The rational design and synthesis of oxygen evolution reaction (OER) electrocatalysts remain critical challenges for water electrolysis in hydrogen production. This study used a strategy to activate the lattice oxygen mechanism (LOM) pathway in Co(OH)₂ through uniform co-doping with metallic Fe and nonmetallic N, thereby forming N–Co–O–Fe moieties at the Fe,N–Co(OH)_x interface. The synergistic effects of Fe and N accelerated electron redistribution from Co to Fe atoms, promoting the formation of active high-valent Co(IV) and stimulating lattice oxygen activation. The intrinsic activity of Co(OH)₂ was enhanced. The as-synthesized Fe,N–Co(OH)_x exhibited exceptional performance, with high mass activity (1705 A g_metal⁻¹) and turnover frequency (2.521  s⁻¹), surpassing those of W,N–Co(OH)_x by 80.4 and 57 times (21.2 A g_metal⁻¹ and 0.044  s⁻¹), respectively. In situ spectroscopy and ¹⁸O isotope-labeled differential electrochemical mass spectrometry confirmed that Fe,N–Co(OH)_x achieved direct intramolecular lattice oxygen coupling via the LOM pathway during the OER process.
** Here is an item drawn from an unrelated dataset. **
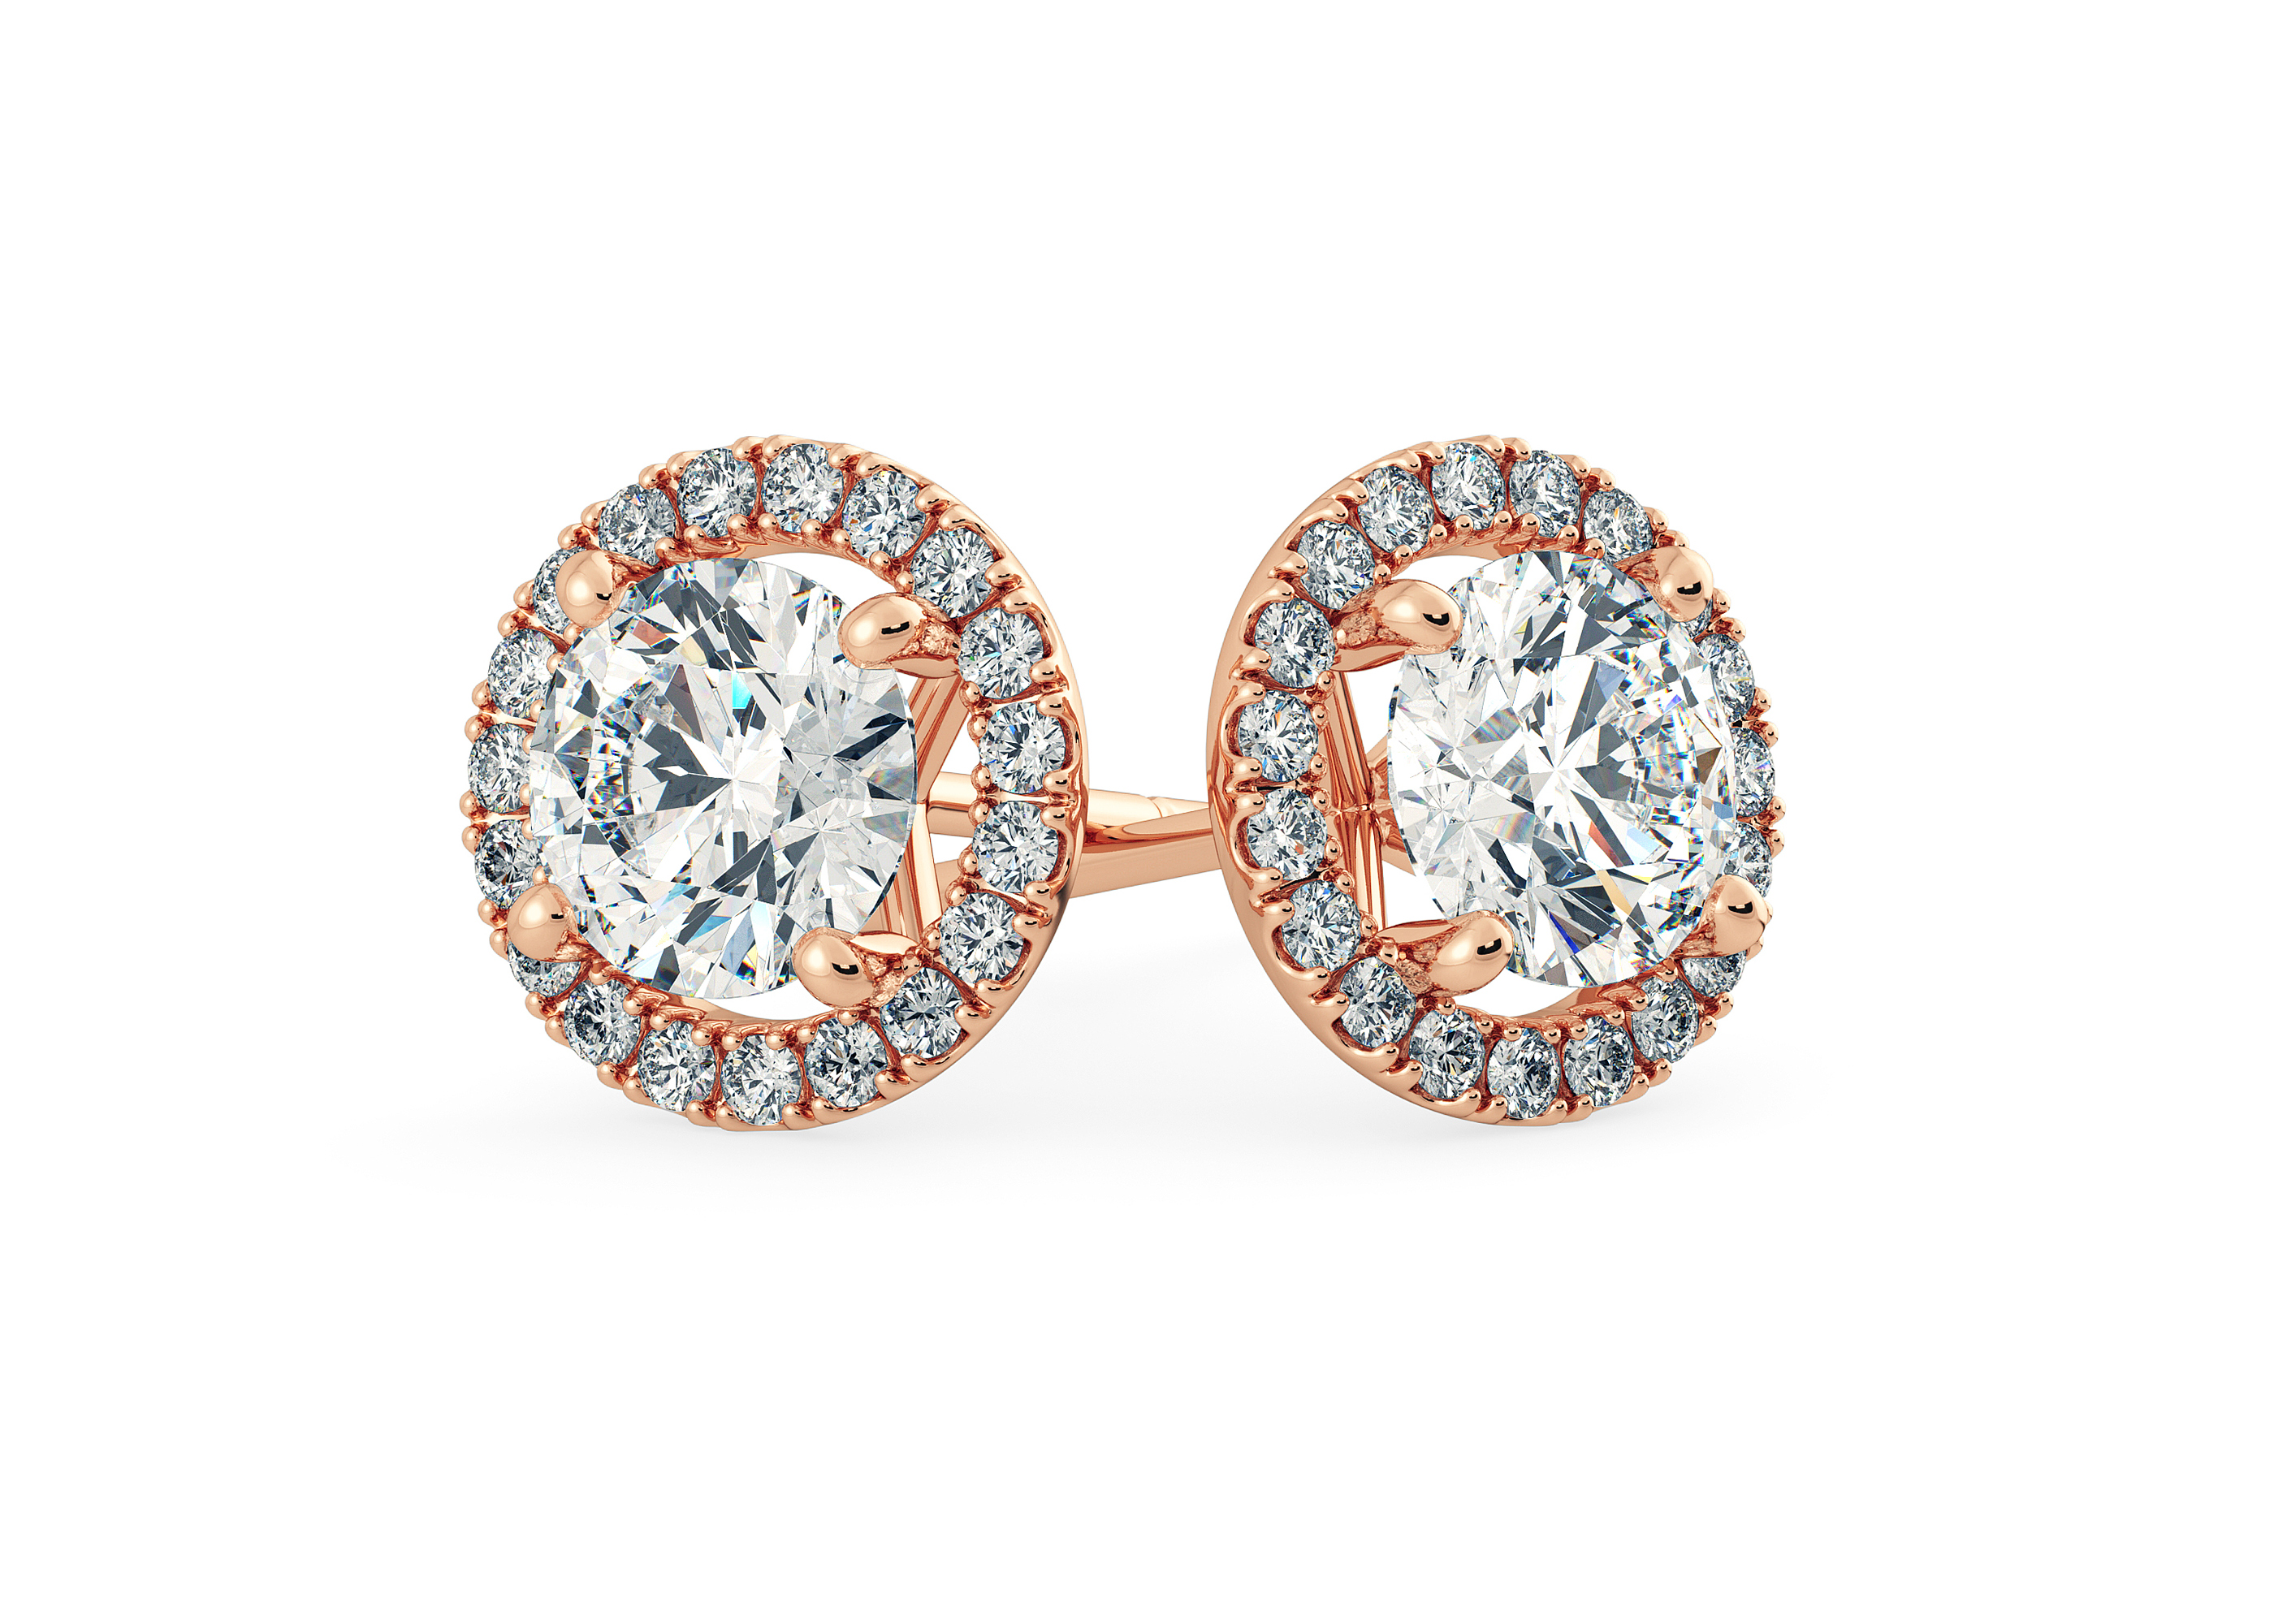 Bijou Round Brilliant Diamond Stud Earrings in 18K Rose Gold with Alpha Backs

Density functional theory calculations revealed that Fe and N co-doping synergistically modulated the d-band center of Co in Fe,N–Co(OH)_x, reducing the energy barrier for OO* desorption to form oxygen vacancies. The proposed method facilitated the preparation of heteroatom-doped hydroxide catalysts to activate the LOM pathway in the OER by co-regulating multiple defects.